Background: Microvessel counting has proven to be of prognostic value in breast cancer, as shown in different retrospective studies. However, methodology has not been studied widely, and this must be done before the method can become clinically applicable. The aim of this study was to determine the degree of heterogeneity and reproducibility of microvessel counts (MC) in breast cancer.
Experimental design: In 10 cases of breast cancer, the available blocks (2-4 blocks) containing invasive tumor parts were selected, and four sections (4 microns) were cut with interdistances of 100 microns. In each section, two or three invasive areas (0.5 x 0.5 cm) were demarcated. Microvessels, visualized by immunohistochemistry (CD31 Ab), were counted by one observer in 10 systematically selected fields of vision (400 x magnification). Furthermore, microvessels were counted in four fields with the highest microvessel density ("hot spots"). Coefficients of variation (CV) were calculated for the different sampling levels.
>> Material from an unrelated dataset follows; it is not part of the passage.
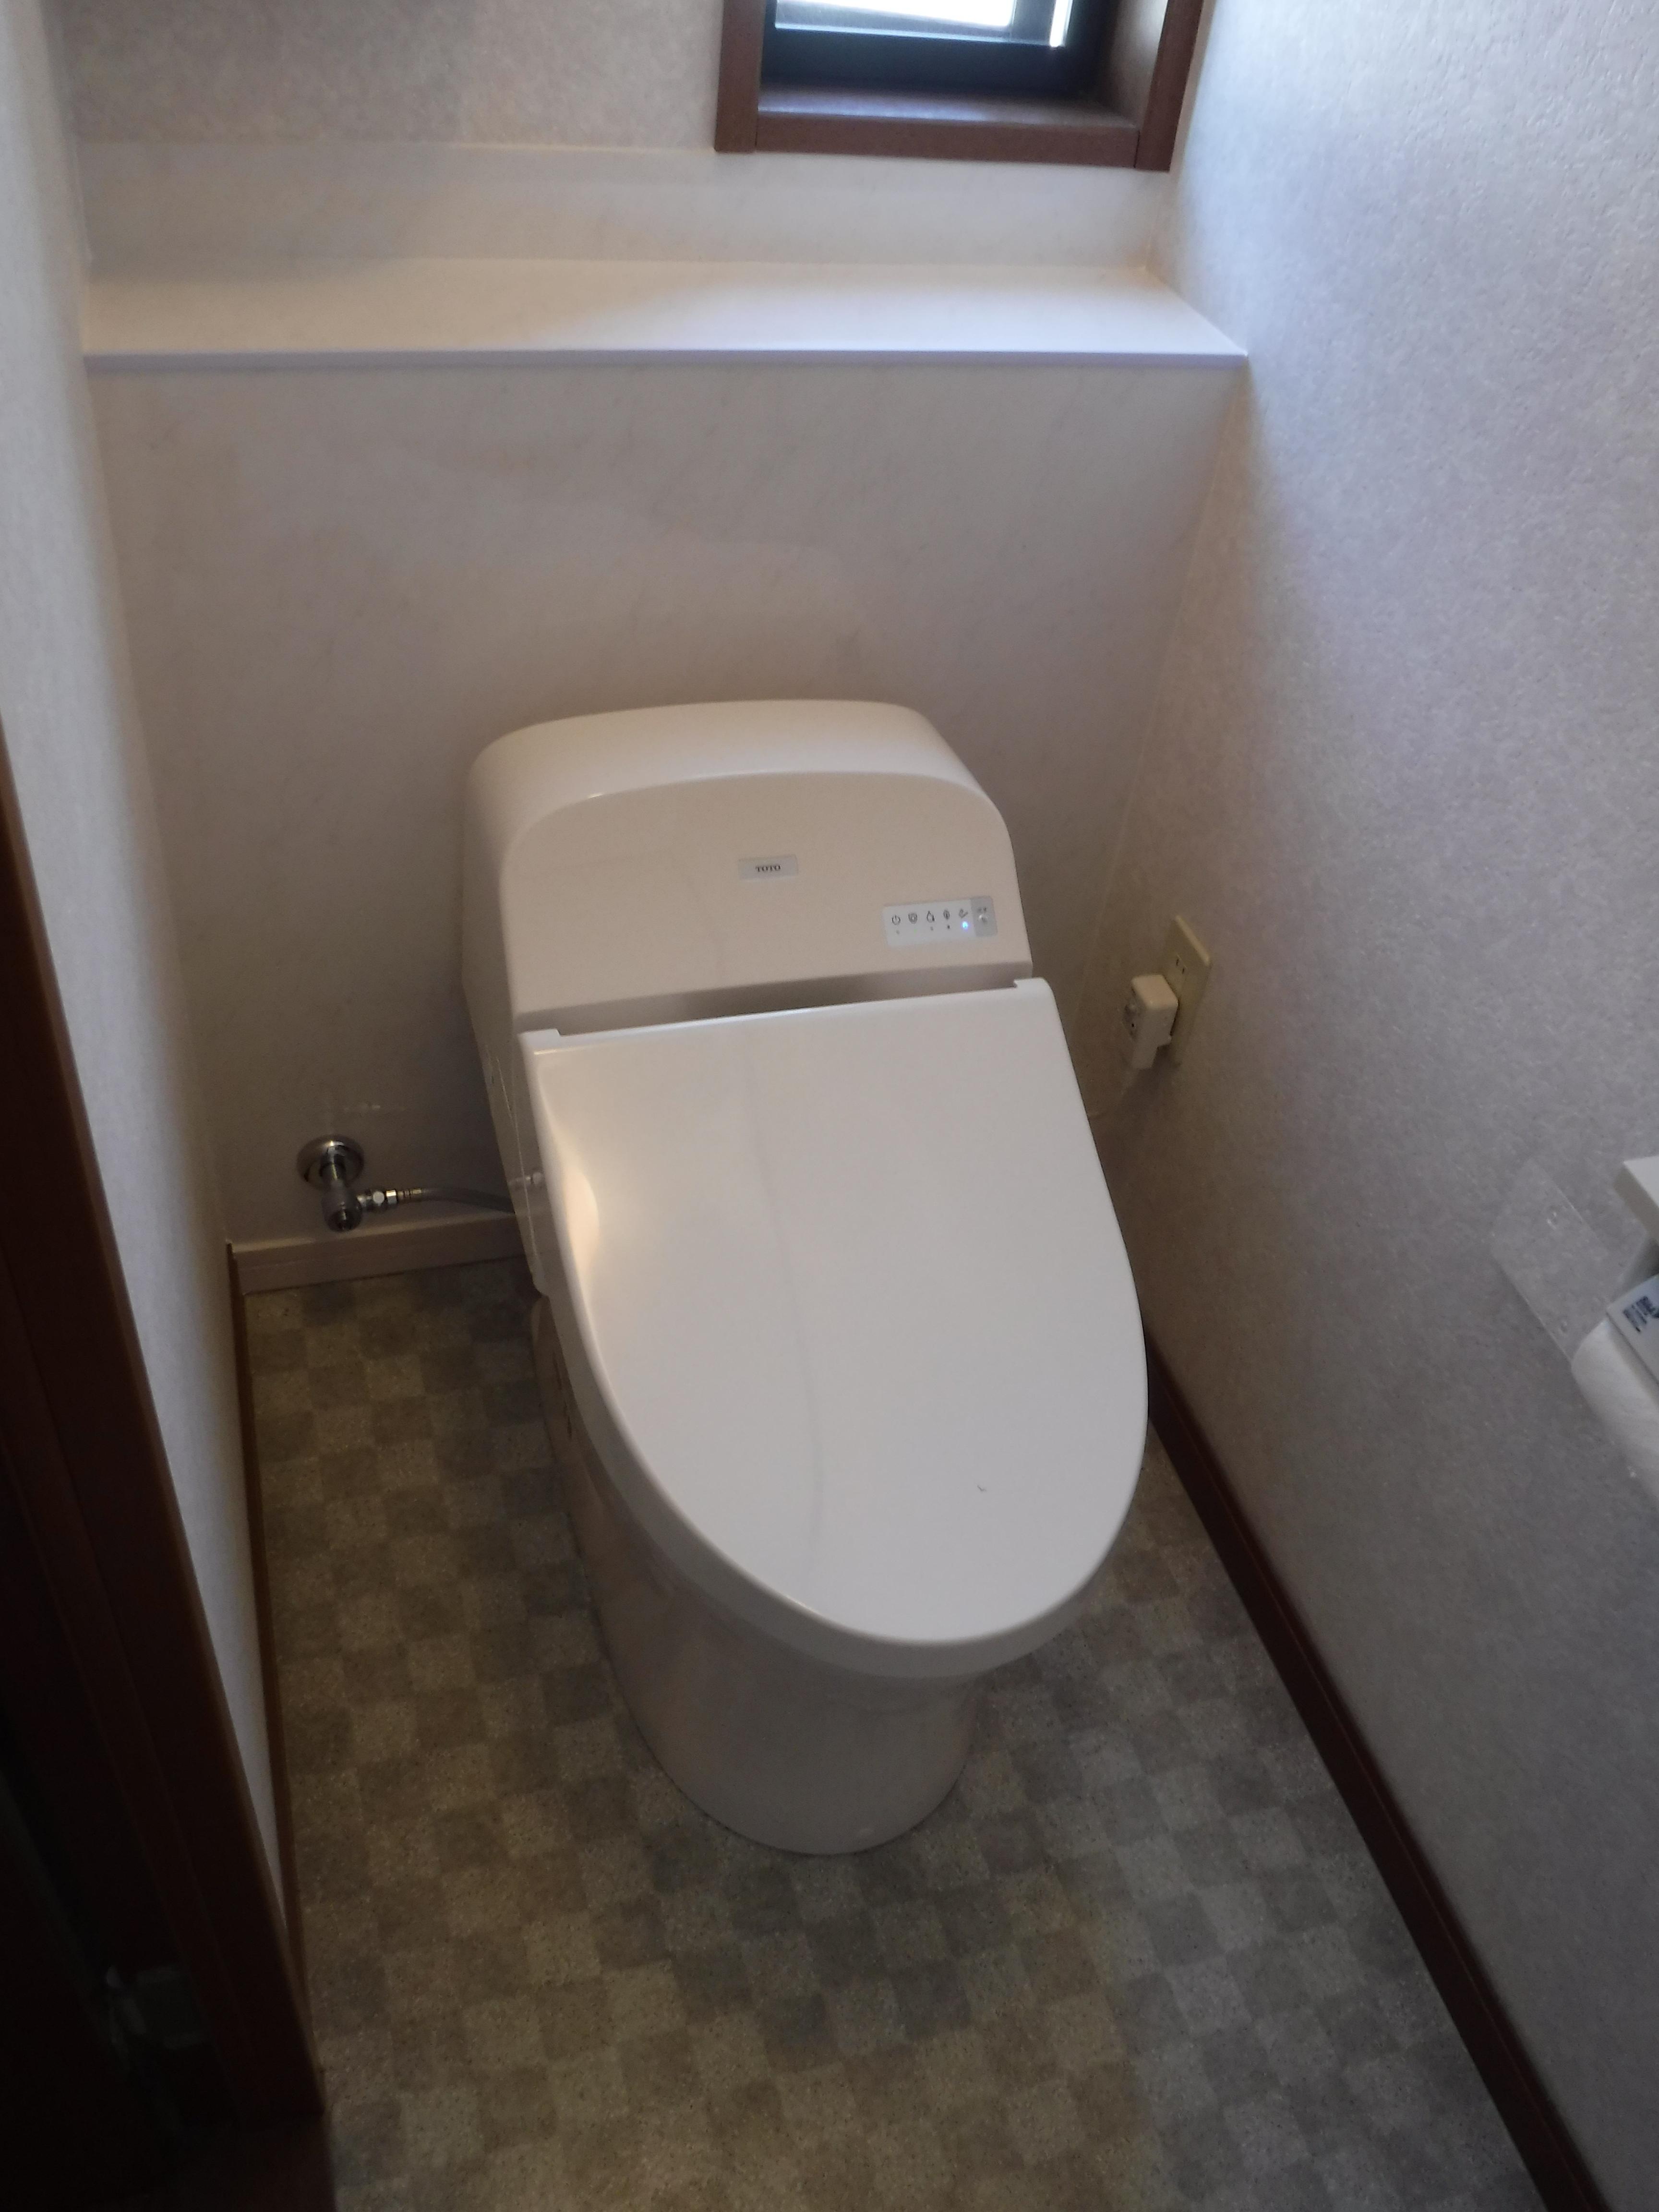 ハウスメーカーのオリジナルトイレ 一般のトイレでは?A

Results: Repeated MC yielded high intra- and interobserver reproducibility (correlation coefficients > 0.92). For the systematic counting method, CV between MC from different areas within one section was on average (17.1% (0.7-52.1). When comparing MC from corresponding areas in different sections from the same black, CV was on average 14.7% (0.5-41.9), and for MC from different blocks of the same tumor, CV was on average 25.8% (9.9-44.6). Nested ANOVA showed an approximately equal contribution to the total variance of the different sampling levels, except for the variation between sections (not significant). For the hot spot MC, CV for different sections from the same block was on average 11.1% (0.7-29.5) and for different blocks from the same tumor, 24.2% (5.7-54.9). Nested ANOVA showed that variation between different blocks from the same tumor contributed most to the total variance.
Conclusions: There is a noteworthy heterogeneity in MC between different areas from the same section, between corresponding areas in different sections from the same block, and between different blocks from the same tumor. Consequently, one must carefully scan all the available tumor material in each case for the best hot spot. The hot spot approach is efficient and reproducible, but only a comparative prognostic evaluation can show whether it is clinically more useful than systematic counts.